• **Aim of the task**
Once you find the line with "Forex Peace Army | WRIC ABC-8 (Richmond, VA)" in the listing below, please repeat it and every later line exactly, through the last one, without pictures.
[Opening Data provided section]
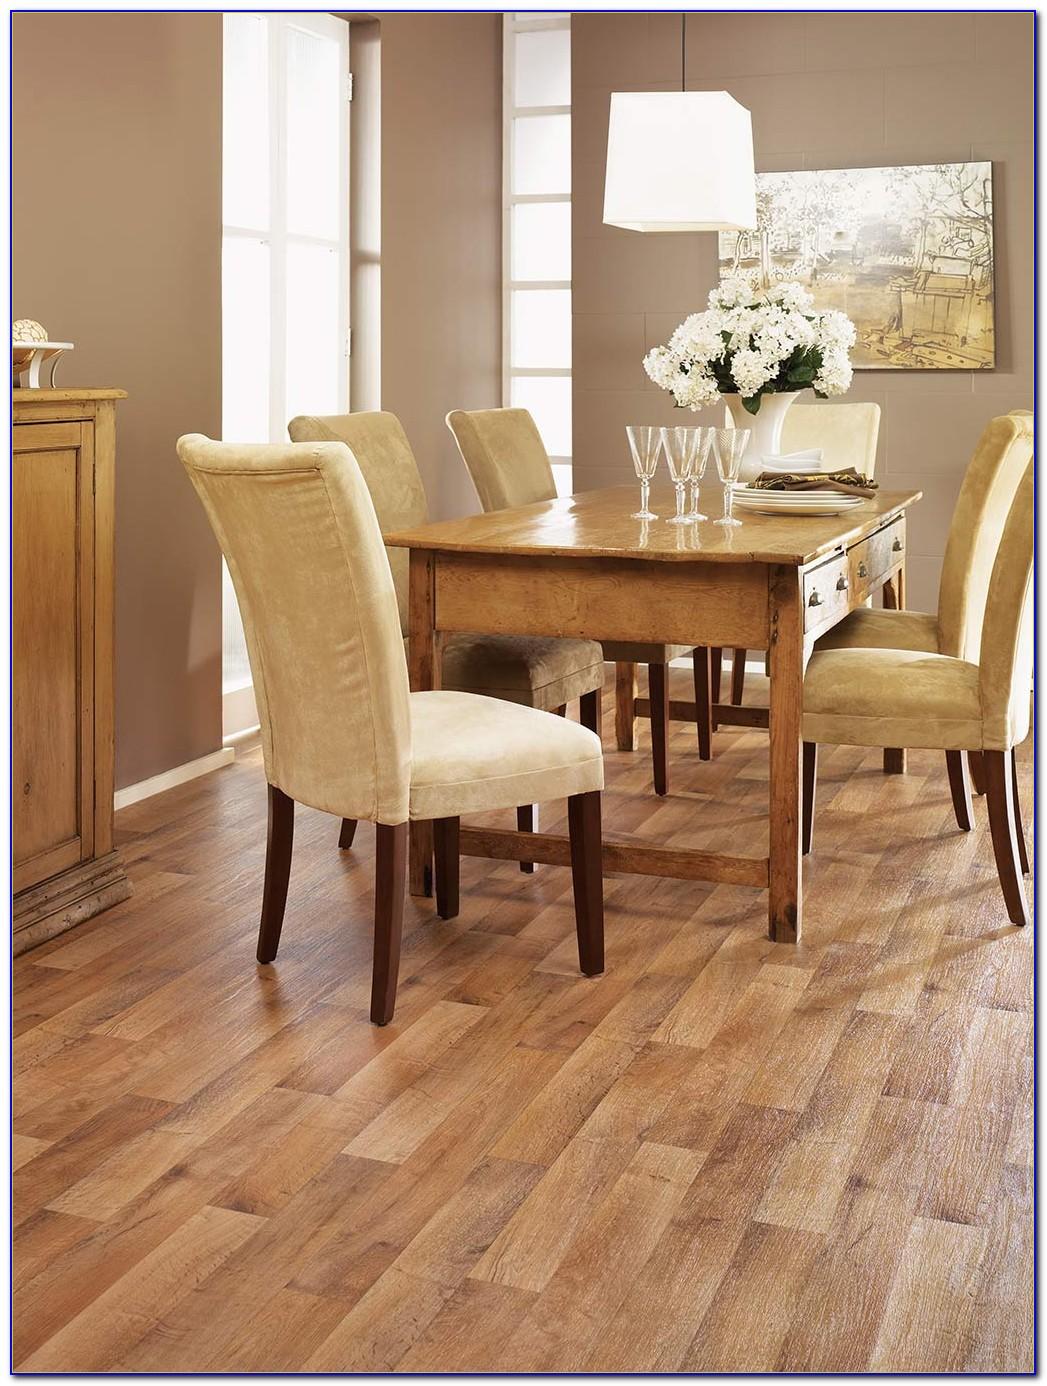 High End Laminate Flooring Vs Hardwood
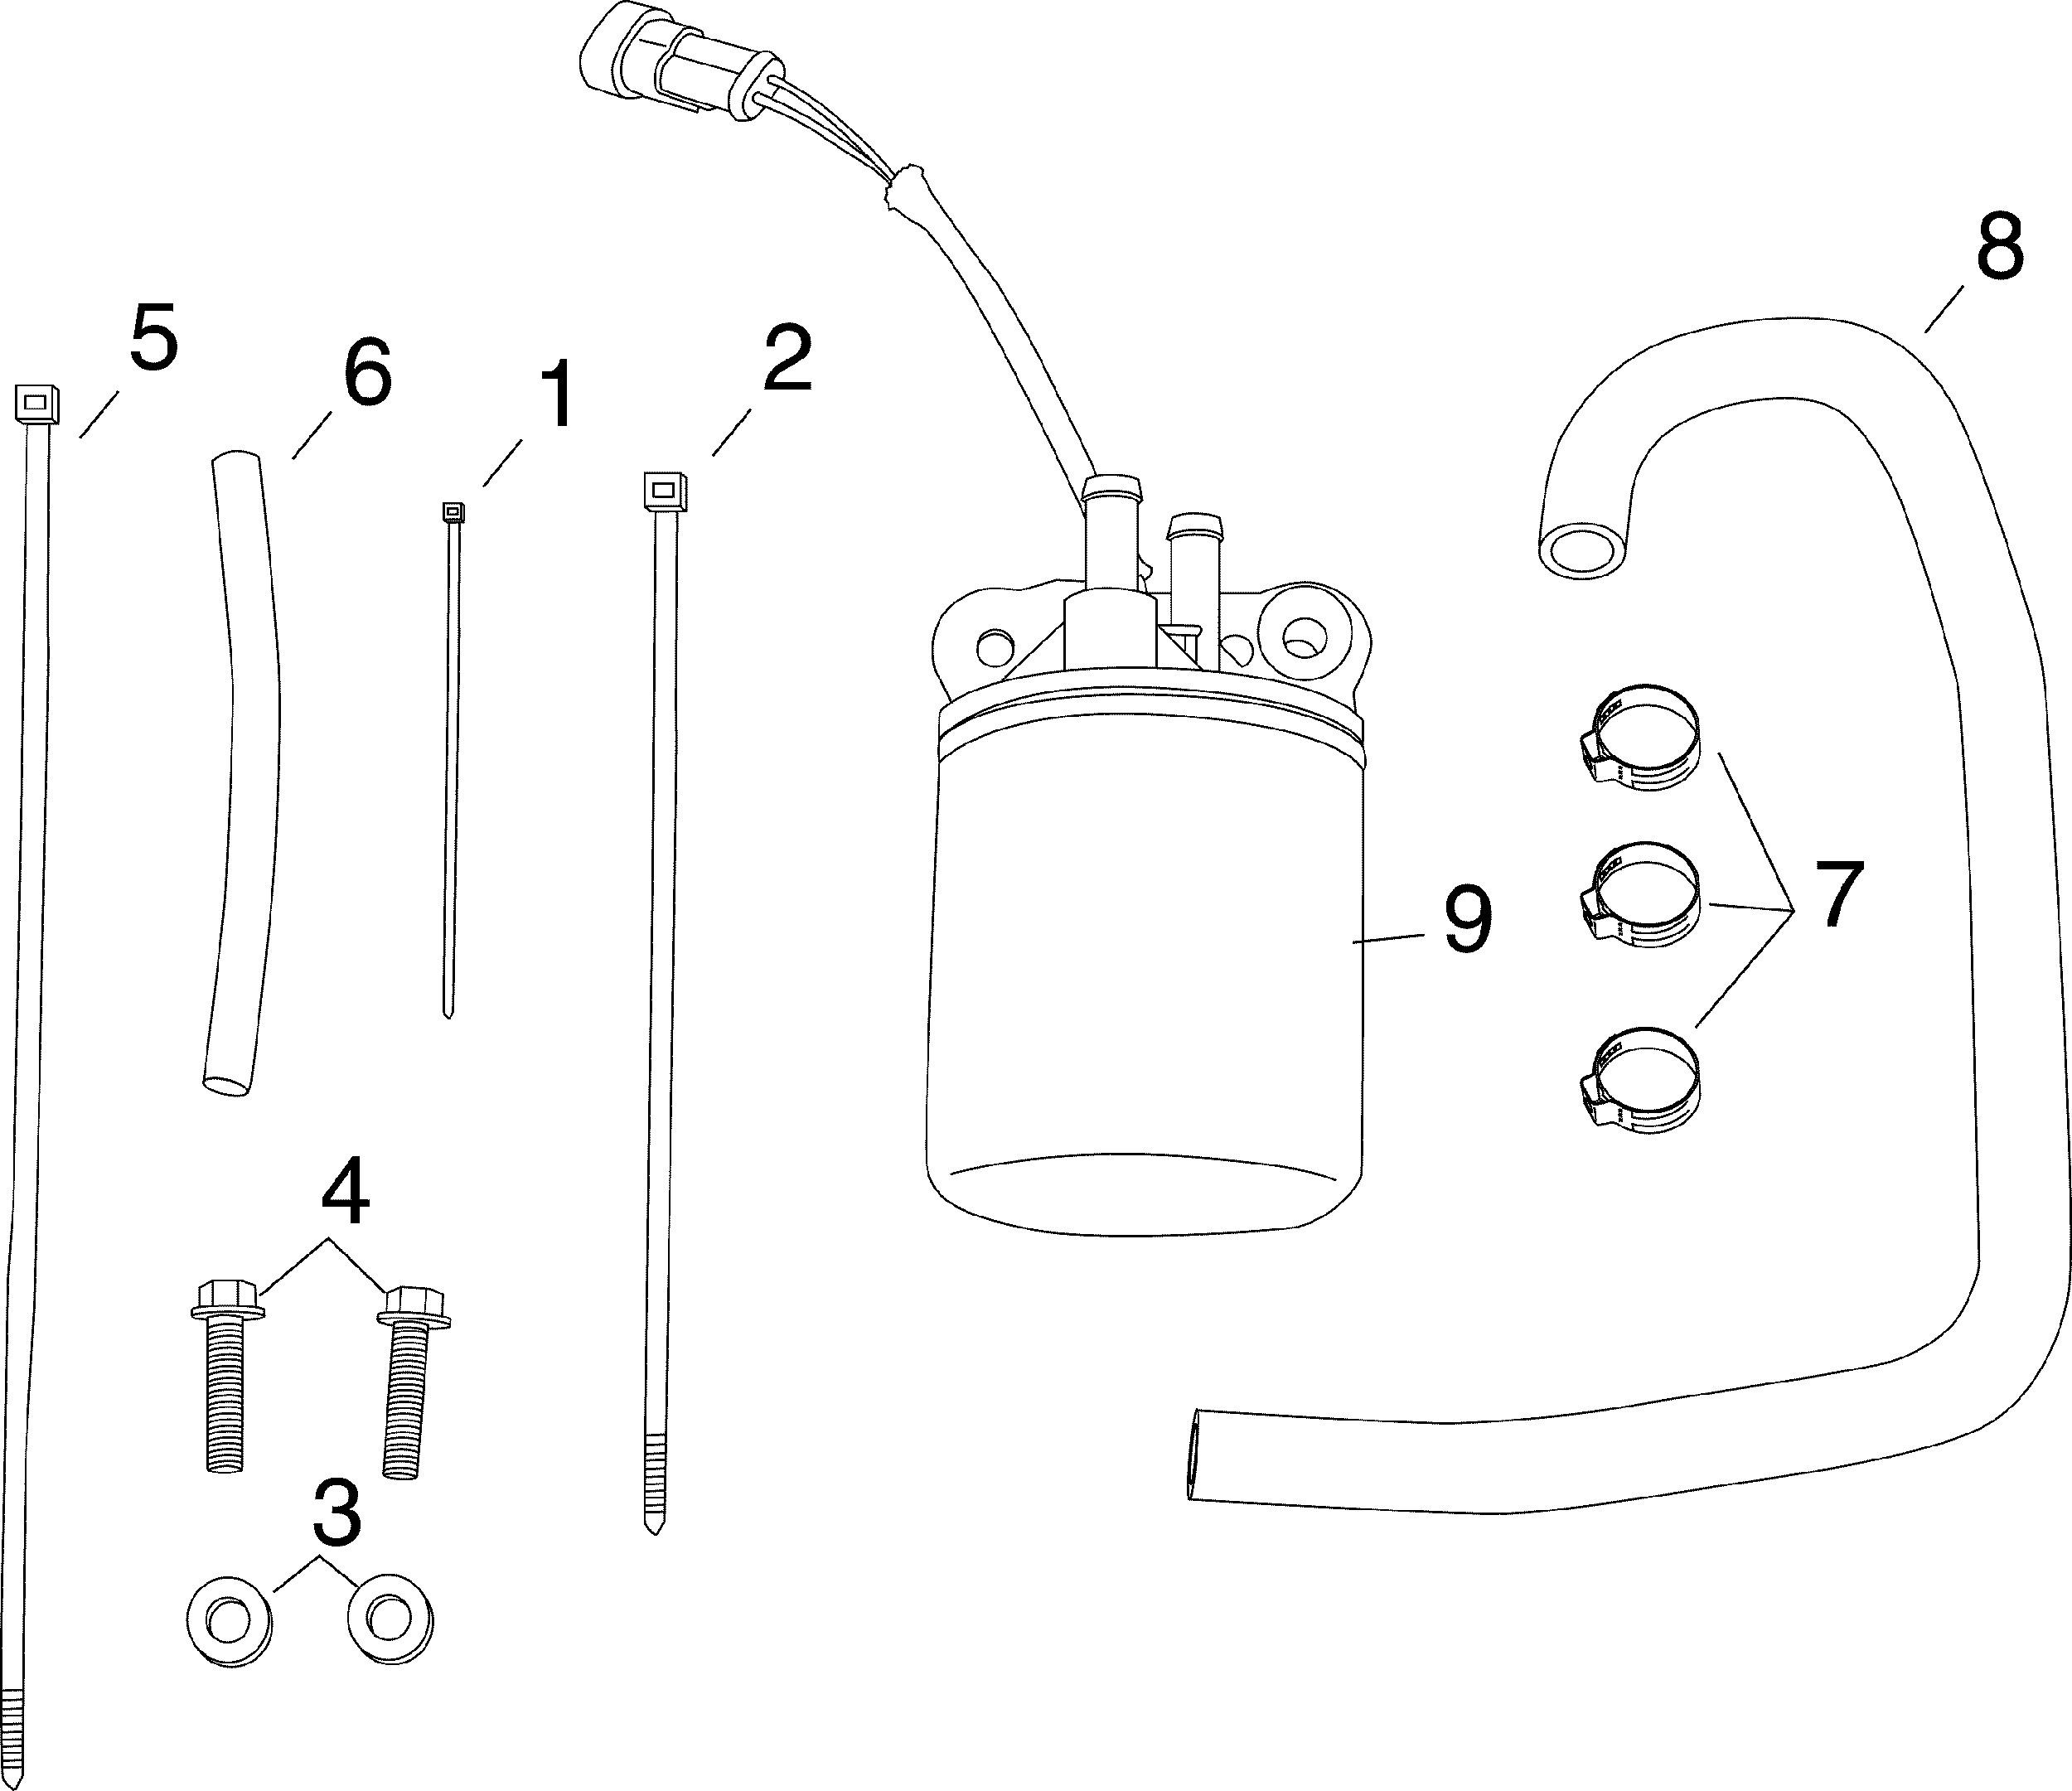 Evinrude Outboard Parts Diagram 25 Hp Johnson Outboard
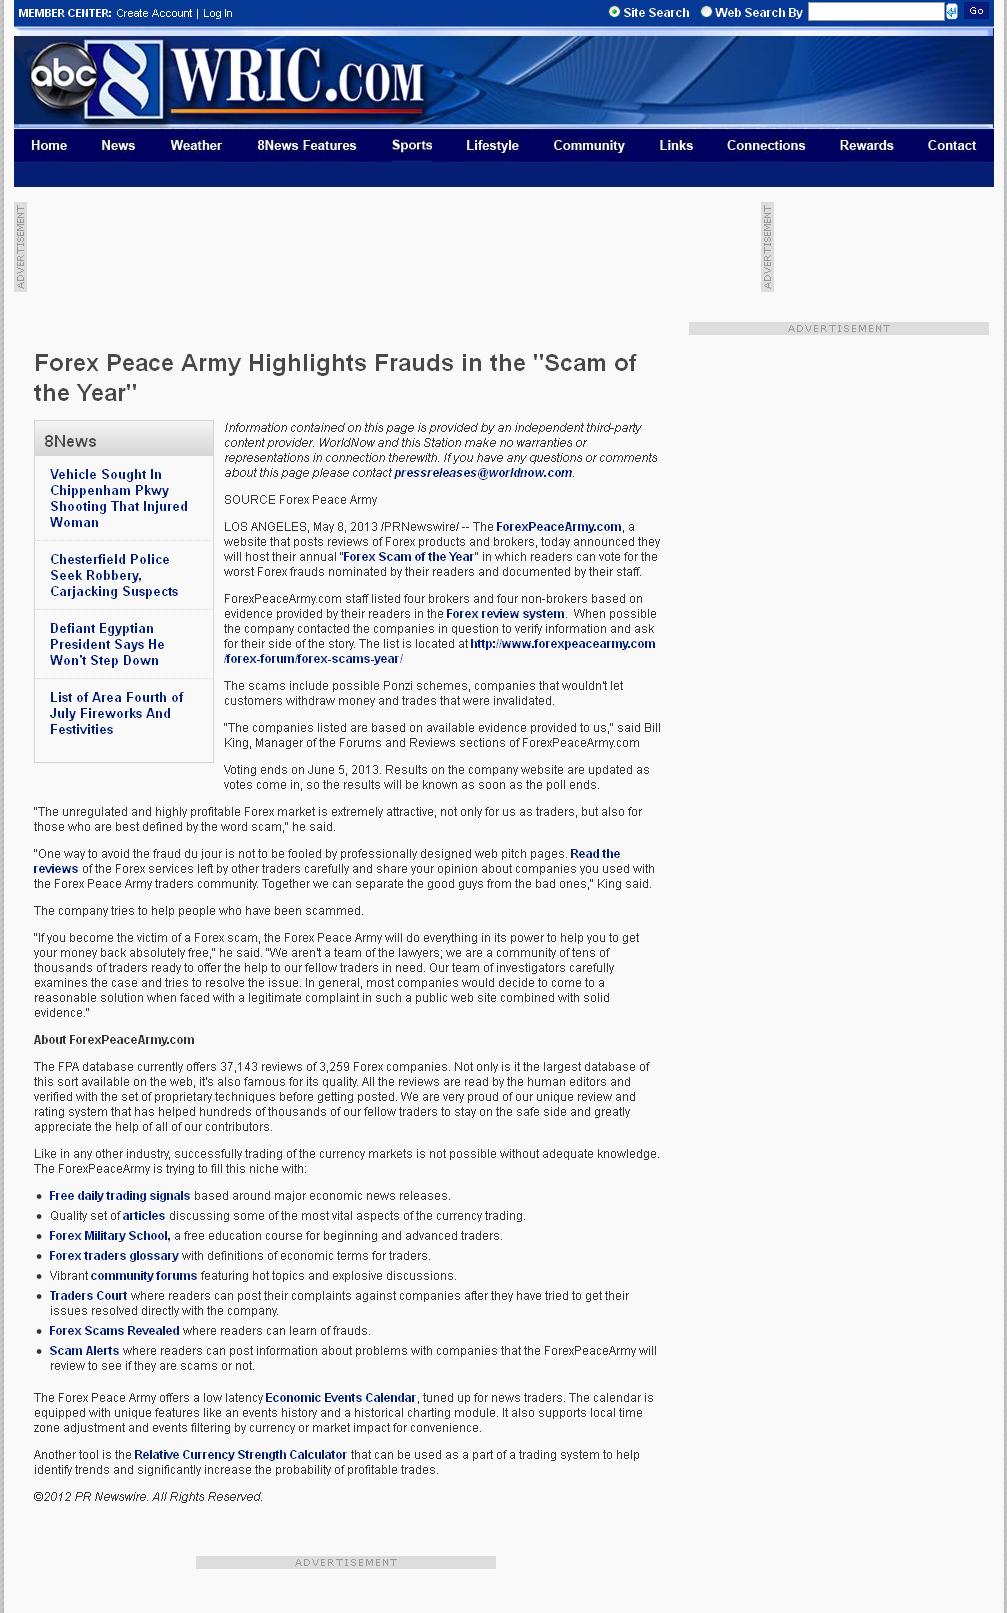 Forex Peace Army | WRIC ABC-8 (Richmond, VA)
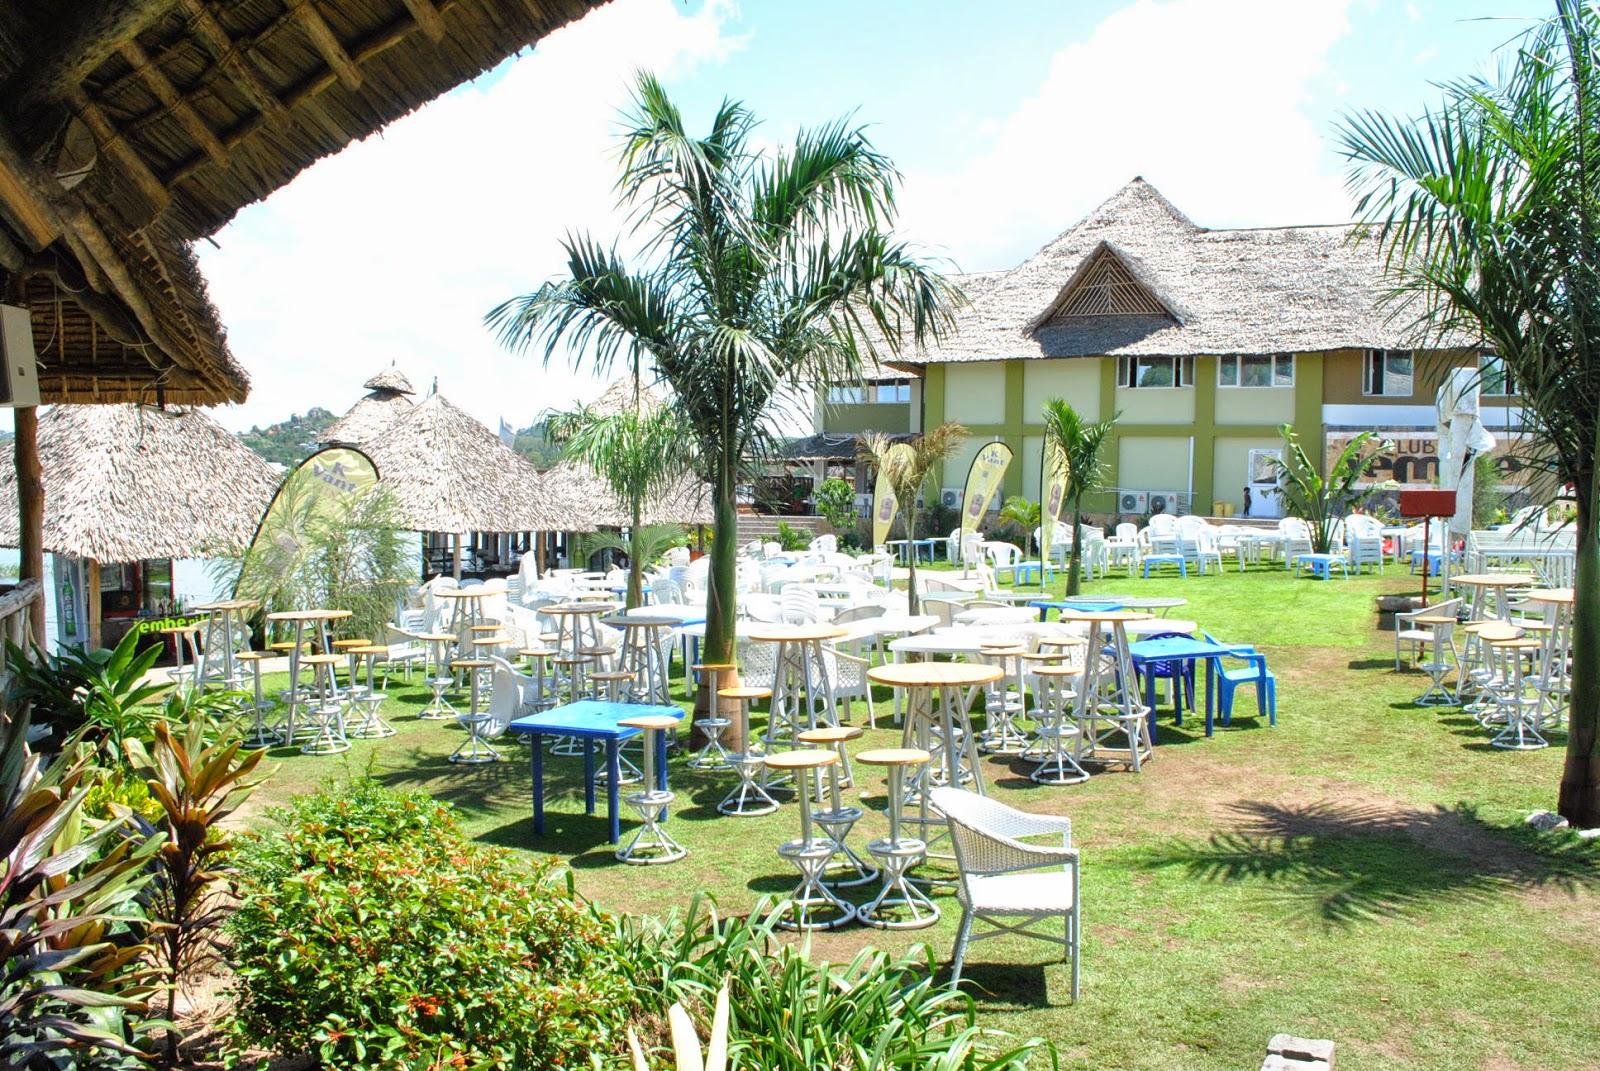 jembe ni Jembe beach Mwanza
[Closing Data provided section]
• **Solution to this exercise**
 Forex Peace Army | WRIC ABC-8 (Richmond, VA)
 jembe ni Jembe beach Mwanza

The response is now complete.